INFORMATION PROVIDED
-- -- --
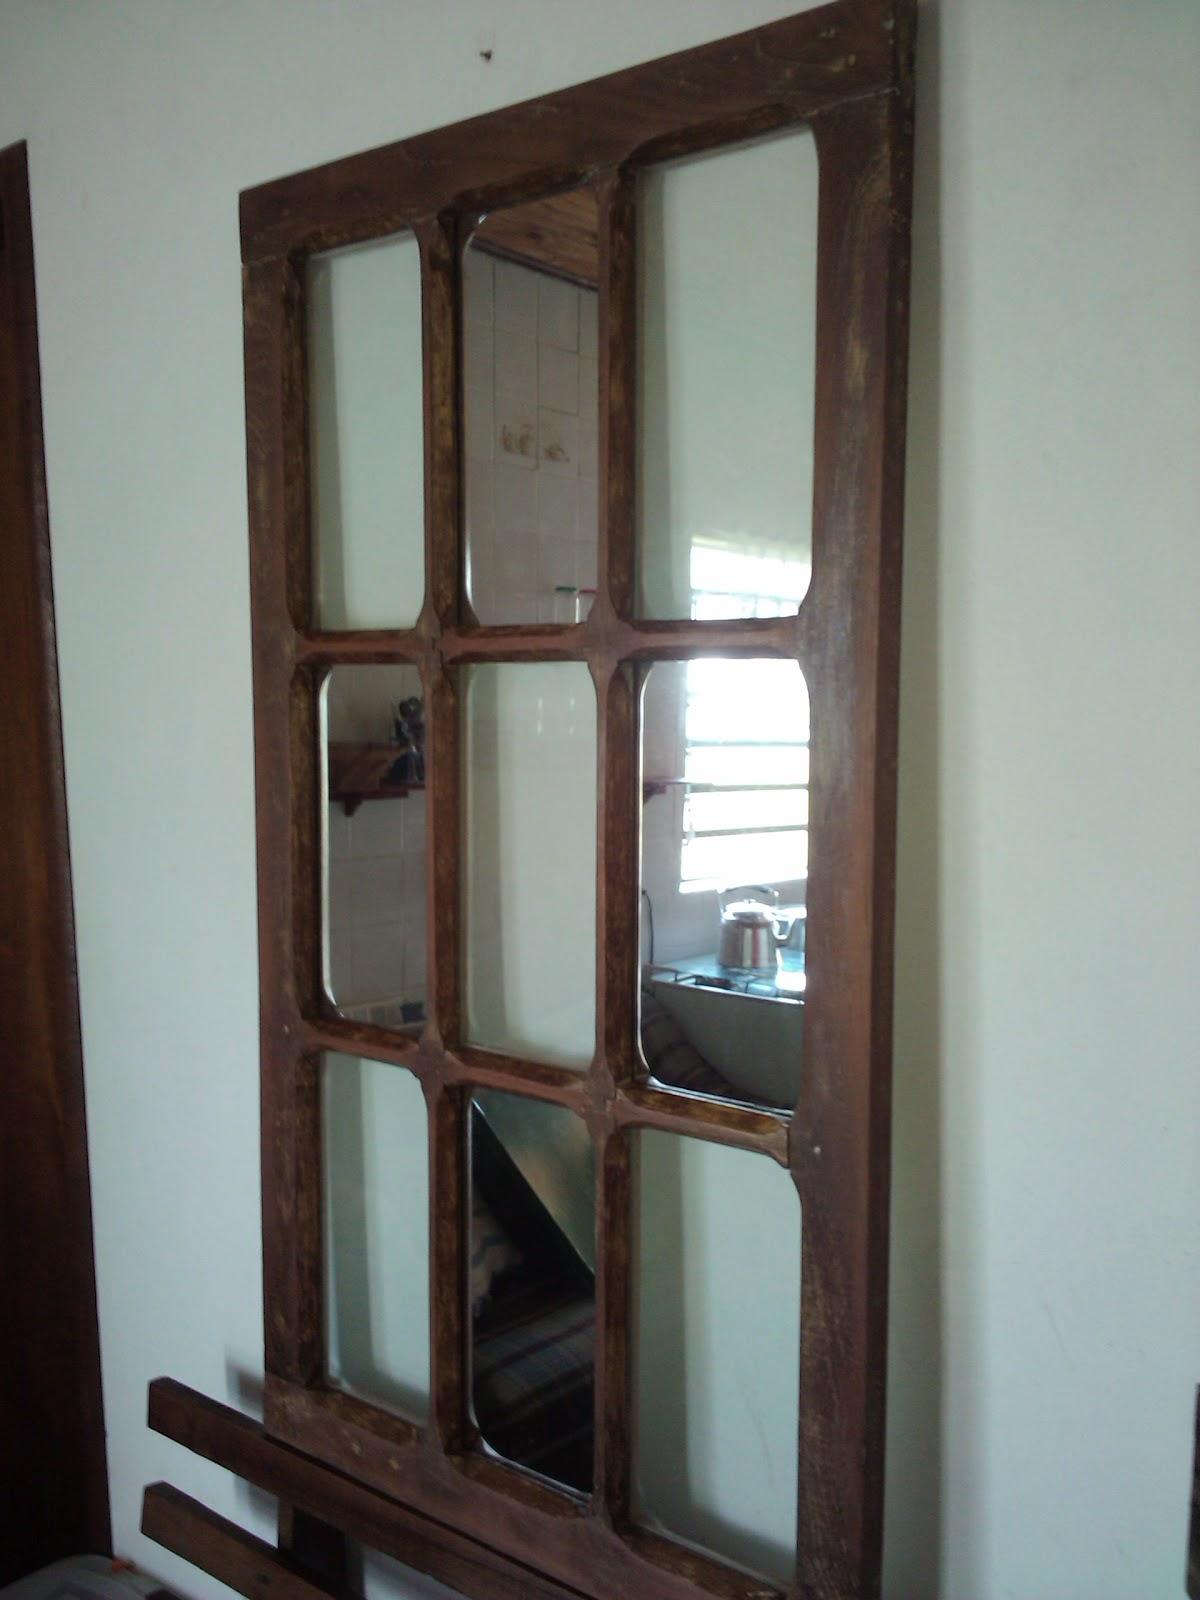 Artes do Dinho: Porta retrato de janela de demolição #332722 1200x1600 Balcao Banheiro Artesanal
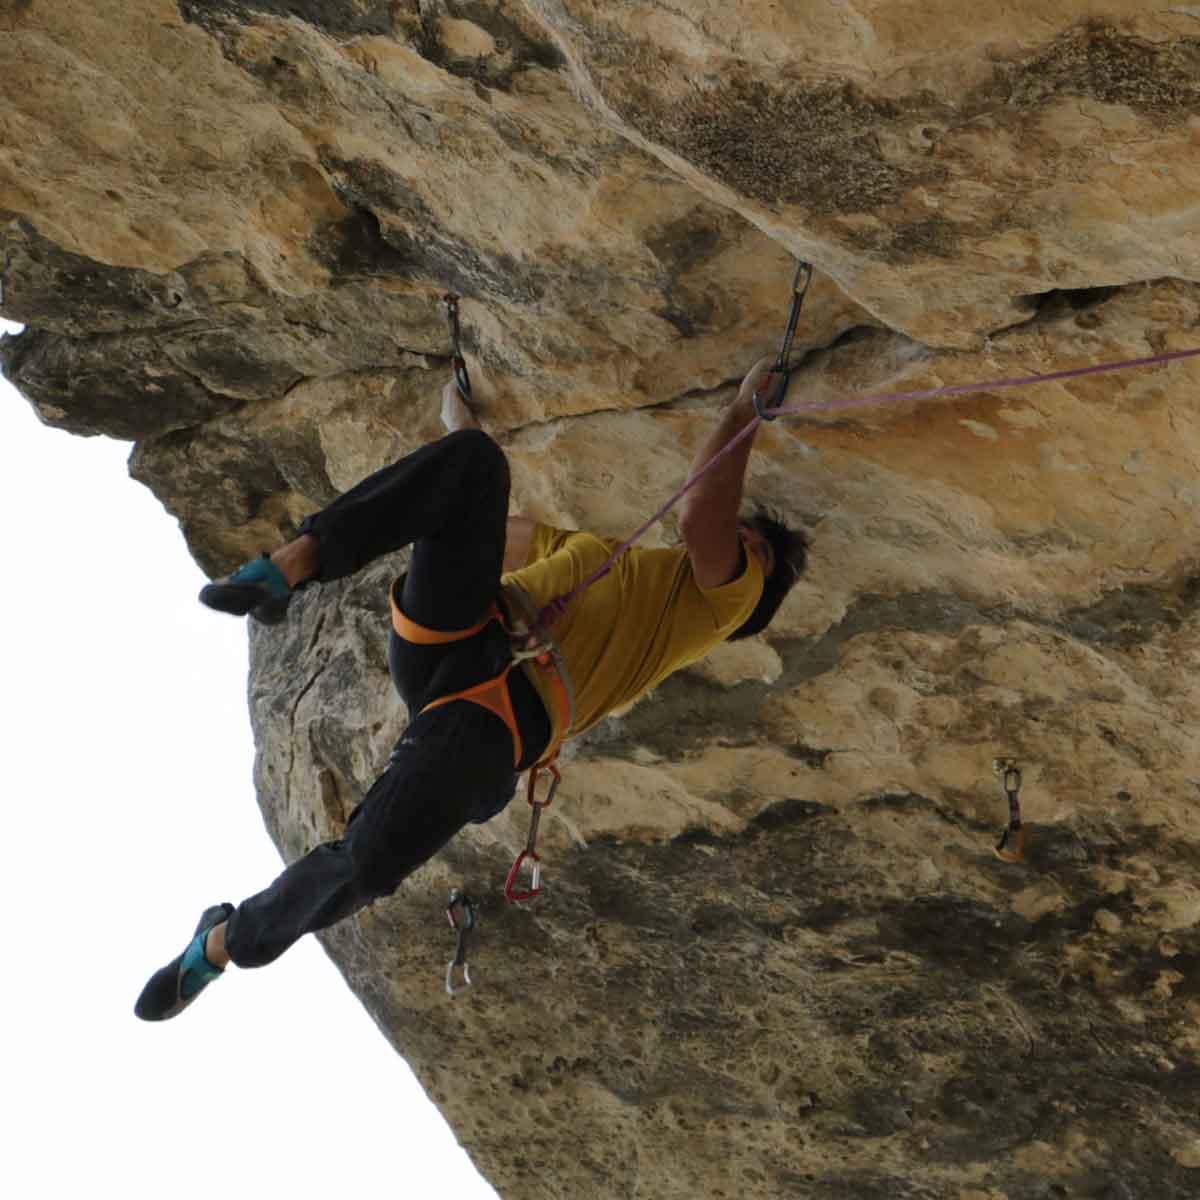 escalador suspendido por un arnés en una montaña
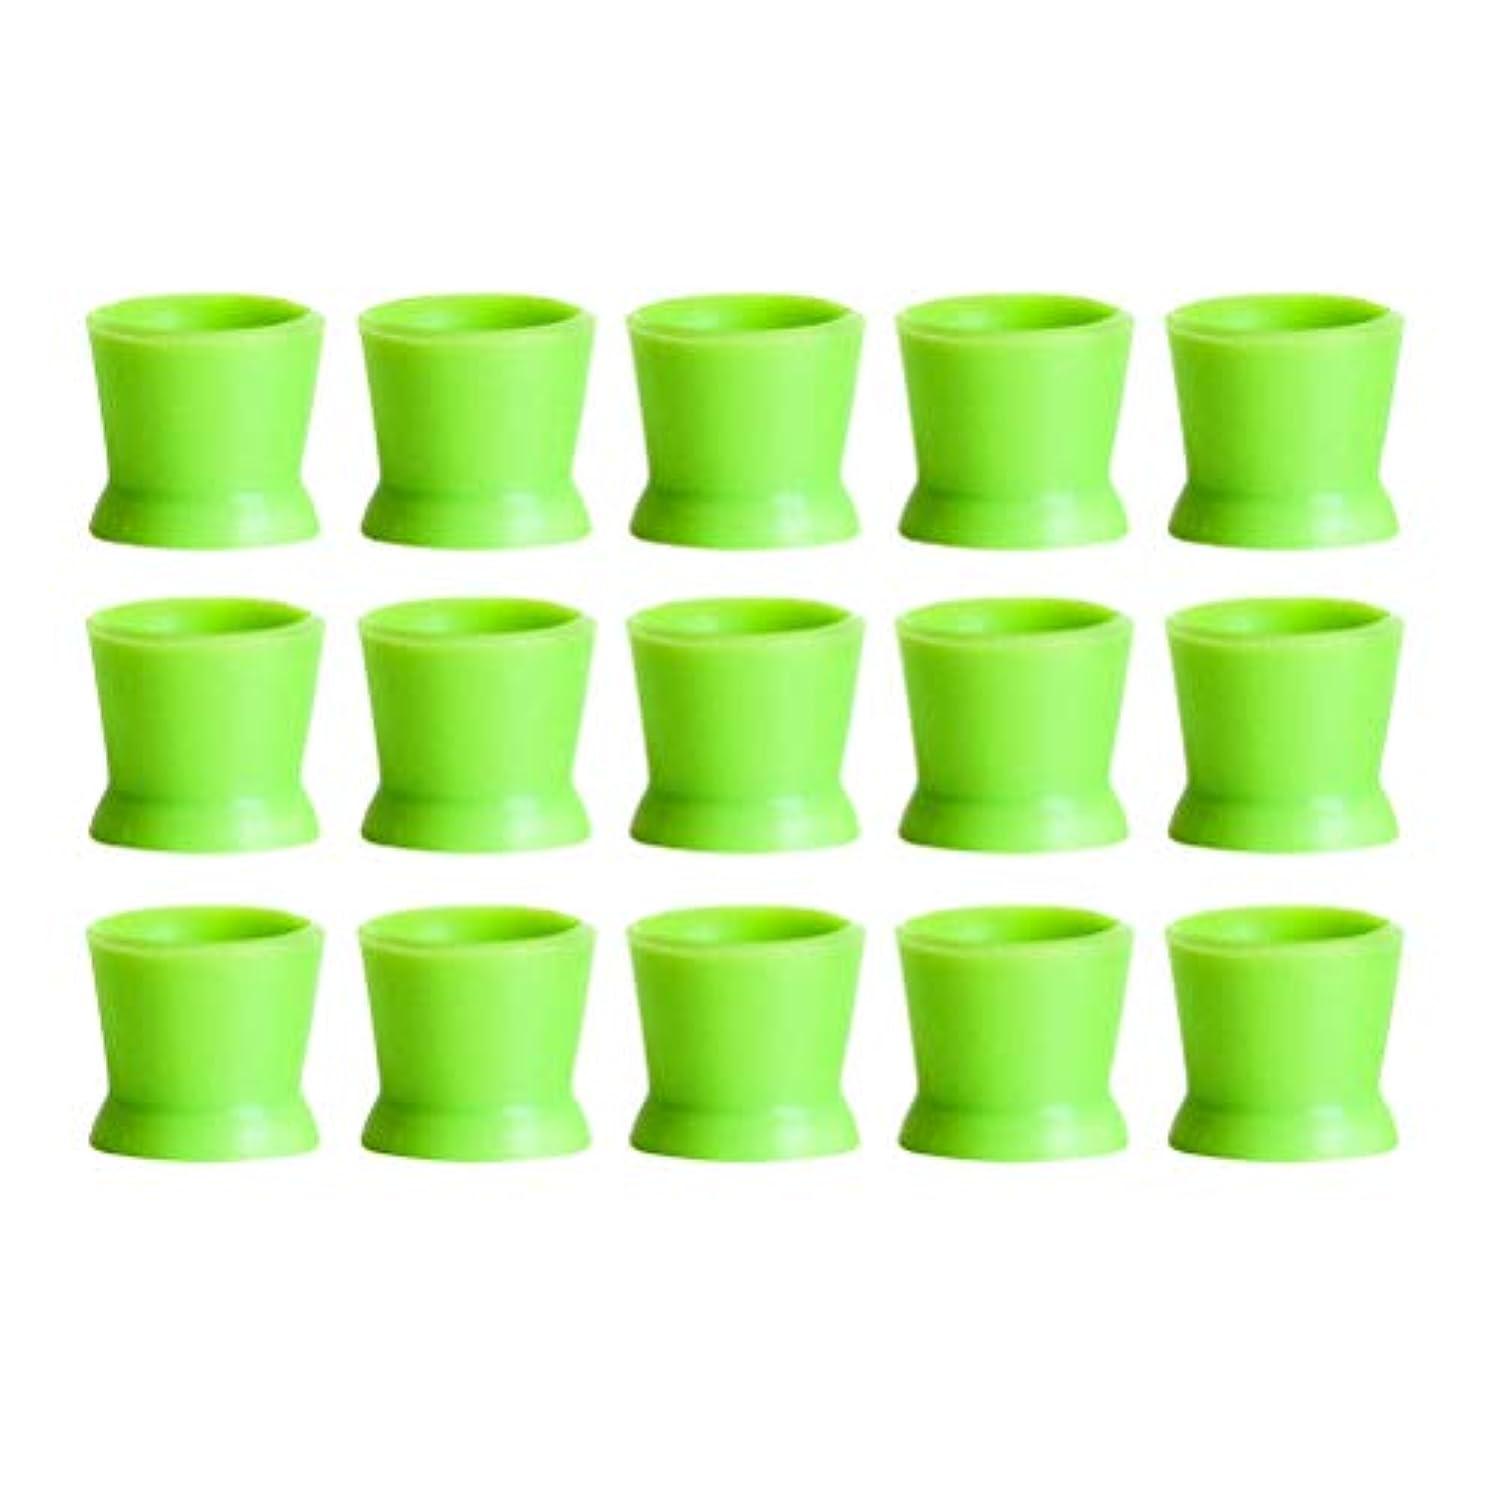 絡み合い驚いた構成するHealifty 300PCSシリコンタトゥーインクカップ使い捨てマイクロブレーディングピグメントキャップホルダーコンテナ永久的なまつげメイクアップアイブロー(グリーン)
-- -- --
ABOUT THIS EXERCISE
Please write out all the data again word for word, but not the pictures.

TASK RESULT
 Artes do Dinho: Porta retrato de janela de demolição #332722 1200x1600 Balcao Banheiro Artesanal
 escalador suspendido por un arnés en una montaña
 絡み合い驚いた構成するHealifty 300PCSシリコンタトゥーインクカップ使い捨てマイクロブレーディングピグメントキャップホルダーコンテナ永久的なまつげメイクアップアイブロー(グリーン)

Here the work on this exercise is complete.